Slice a PySpark DataFrame into Two Row-wise DataFrames

PySpark Python Server Side Programming Programming

PySpark dataframe is defined as a collection of distributed data that can be used in different machines and generate the structure data into a named column. The term slice is normally used to represent the partitioning of data. In Python, we have some built-in functions like limit(), collect(), exceptAll(), etc that can be used to slice a PySpark dataframe in two row-wise dataframe.

Syntax

The following syntax is used in the examples ?

limit()

This is a built-in method in Python that can be used to set the range of rows by specifying the integer value.

subtract()

The subtract() method returns the result of rows in the form of a new dataframe that data will not contain in another dataframe.

collect()

Pyspark collect is used to retrieve all the elements from the given dataset and it is used through loops and variables.

createDataFrame()

This is a built-in method in Python that takes schema arguments to define the schemas of dataframe.

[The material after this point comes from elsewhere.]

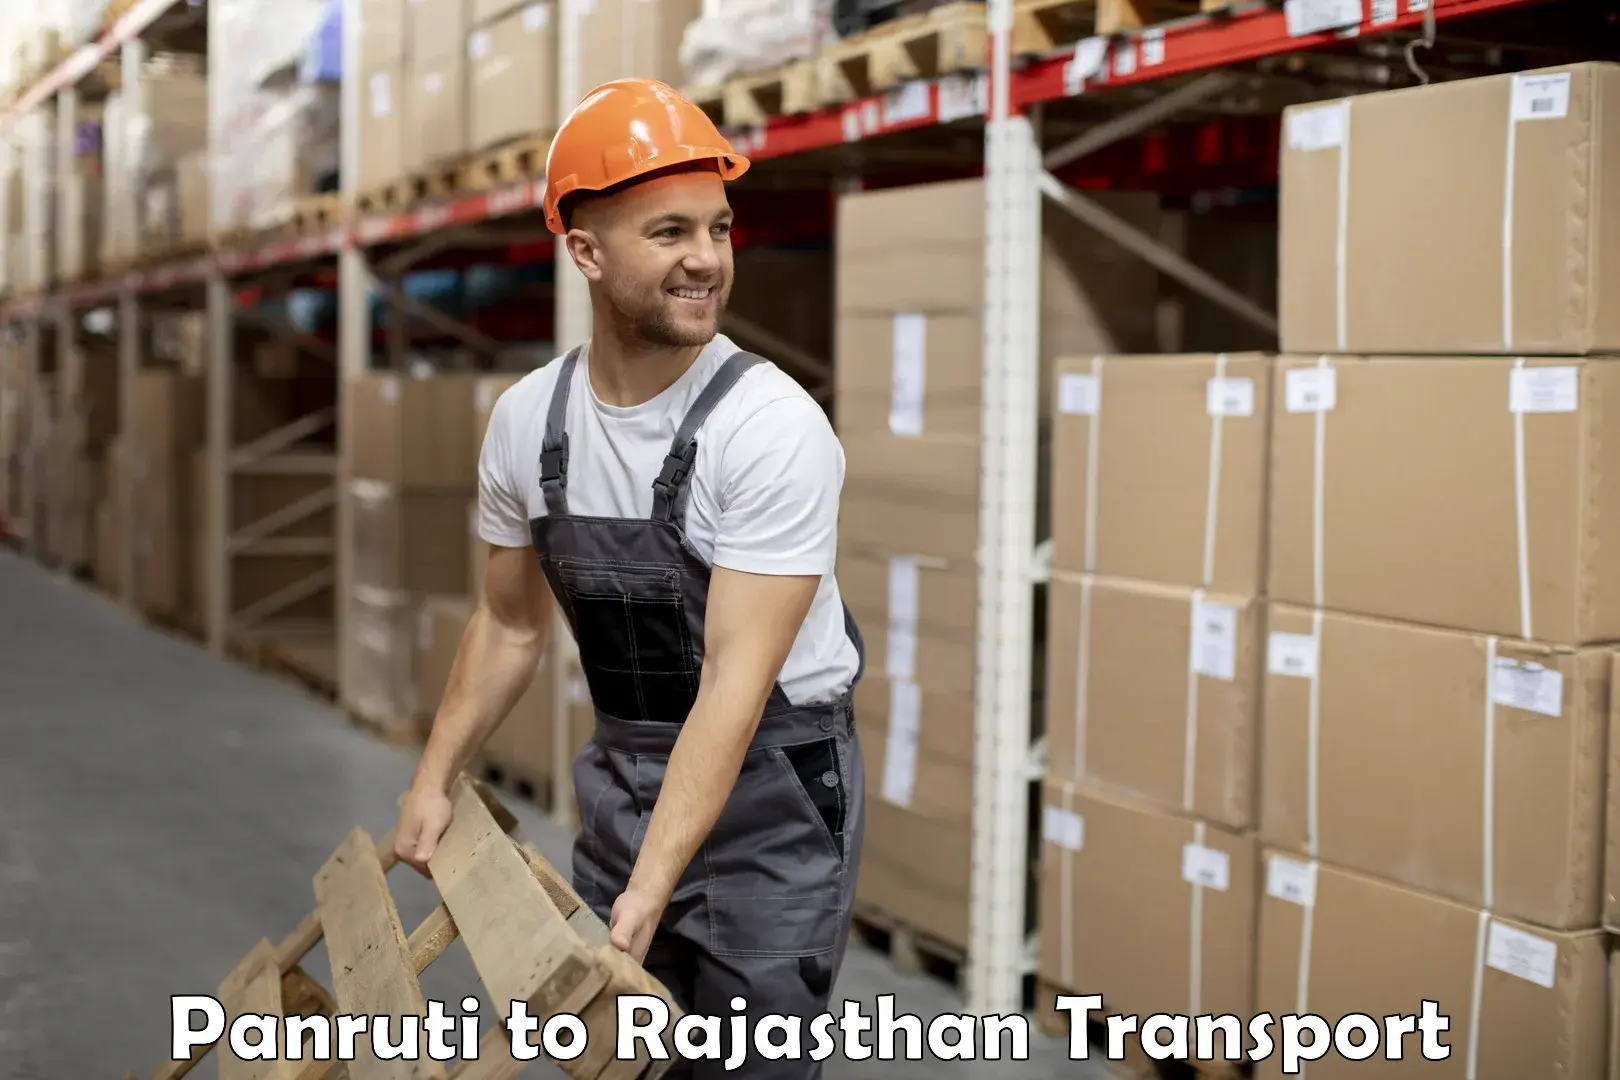 Furniture transport service Panruti to Jaipur

[: before_slicing] [after_slicing :]

The above representation is known for list slicing and it will be used to divide the dataframe into two row-wise.

head()

ln general head() method in Python represent the 5 rows from a data table but here it accepts some parameter and returns the result according to the given condition.

exceptAll()

This is a built-in function in Python that follows the PySpark module which returns the new DataFrame including rows in the DataFrame but not in the other DataFrame while keeping the duplicates.

count()

This is an in-built function in Python that will be used the return the specific number of rows as a result.

drop()

The drop method eliminates the specific rows or columns.

Window.orderBy()

PySpark window function is defined by calculating the result such as rows number or rank. The orderBy() is the unique method to partition the data.

Installation Requirement

pip install pyspark

This necessary command is used to install that helps to run the PySpark program.

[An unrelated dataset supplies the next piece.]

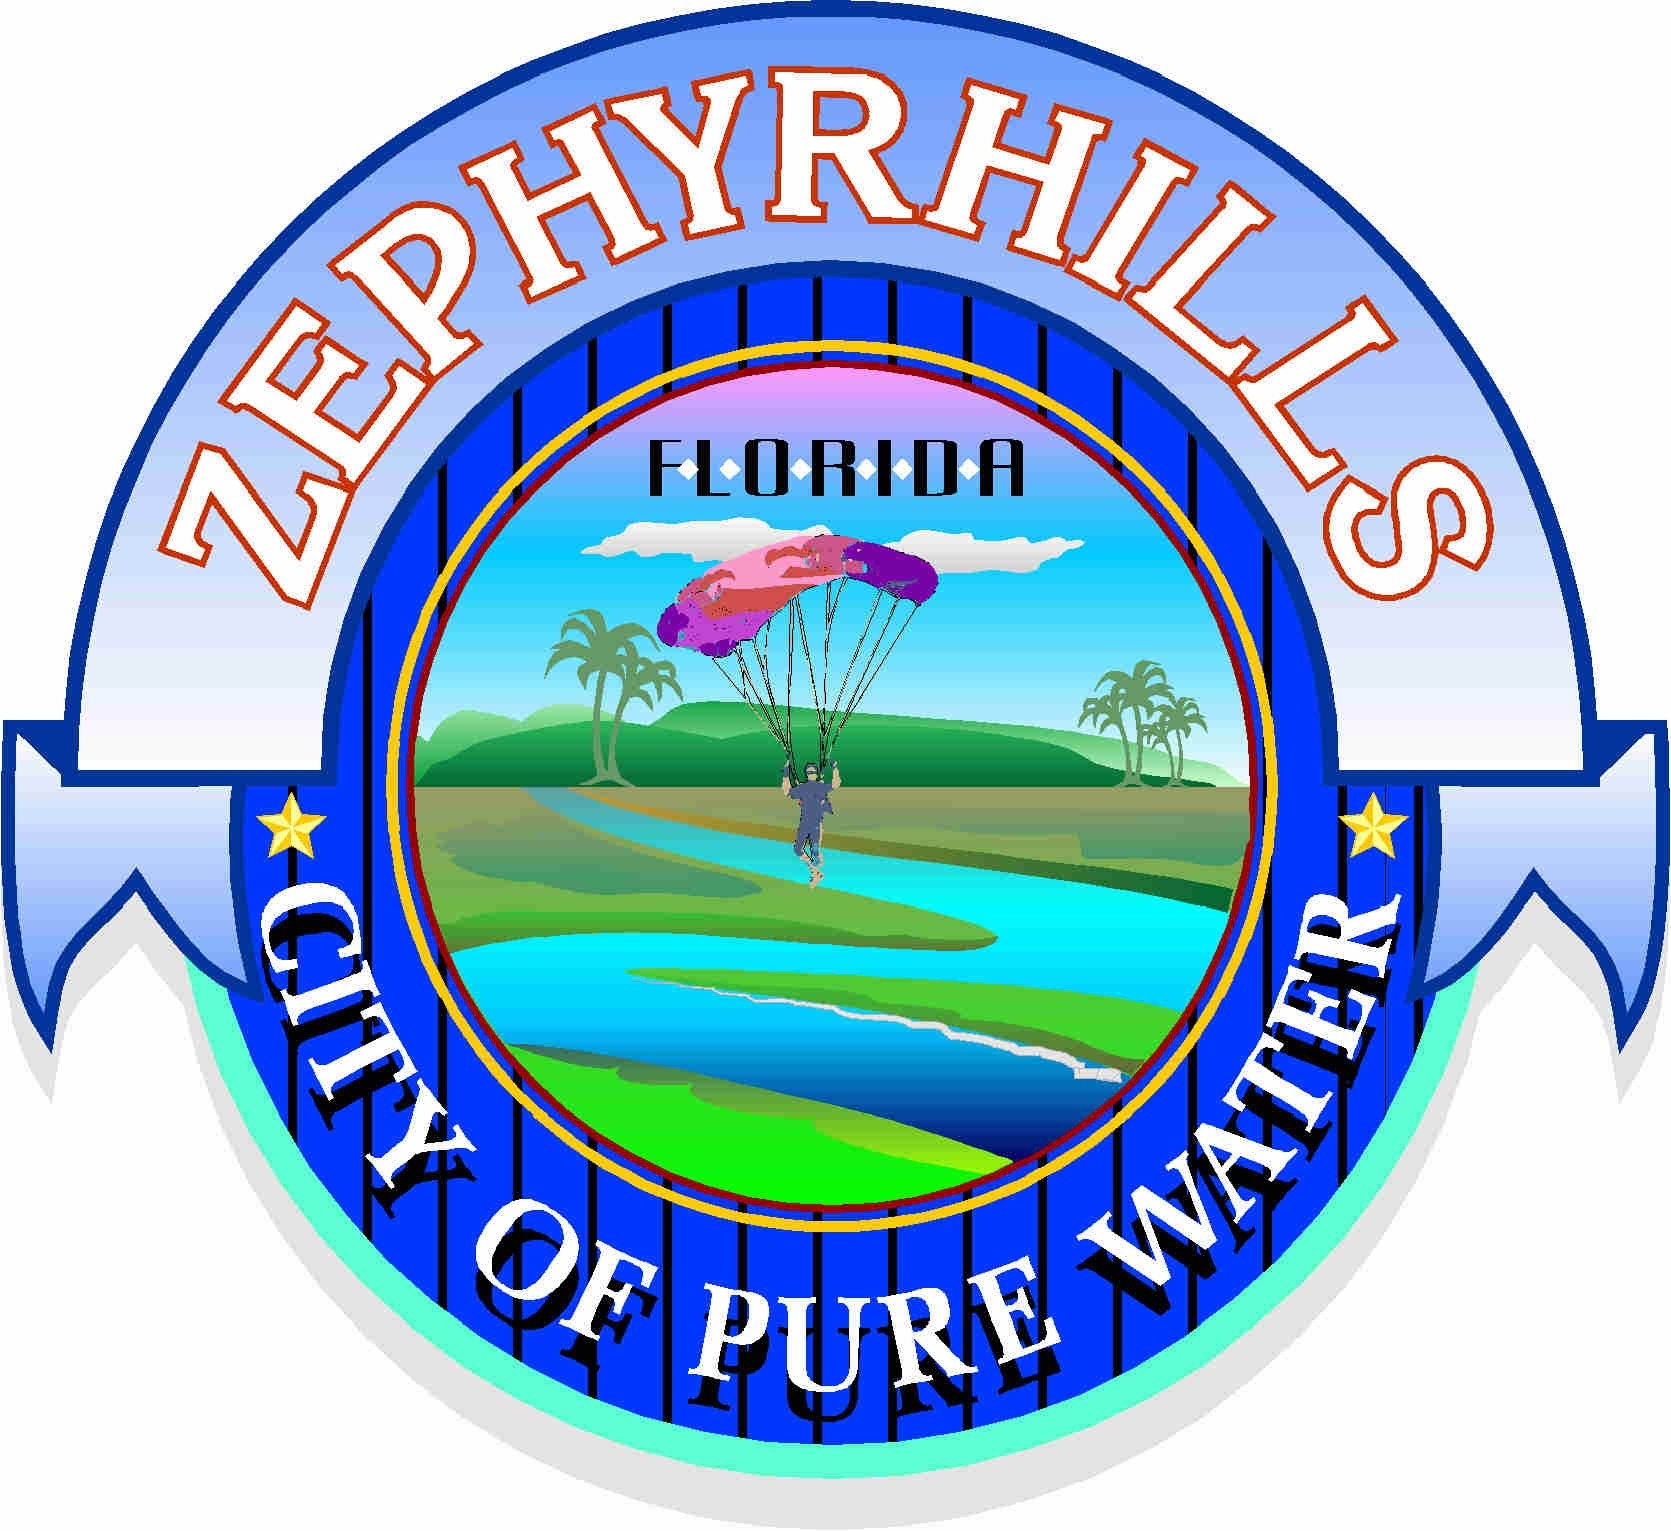 Organization logo of City of Zephyrhills

Using Limit() and Subtract() Method

The limit() and subtract method is used to convert the single data into two row-wise dataframe. The limit() is used to set the specific number of rows by assigning an integer value to it whereas the subtract method can be used to contain the unique rows that are not present in another DataFrame.

Example

In the following example, we will first import pyspark and SparkSession module that will create the session of a dataframe. Then set the values as rows data in the variable rows. Next, set the columns values of data in the variable cols. Now use the method named createDataFrame() with SparkSession module to set the rows and cols which defines the two different schemas of a dataframe and stores it in the variable df_first. Then initialize the variable df_second which will set the values as a built-in function named subtract() that accepts the parameter named as a variable named df_first which will result to return the new dataframe. Finally, we use show() method for both the variables- df_first and df_second to get the result.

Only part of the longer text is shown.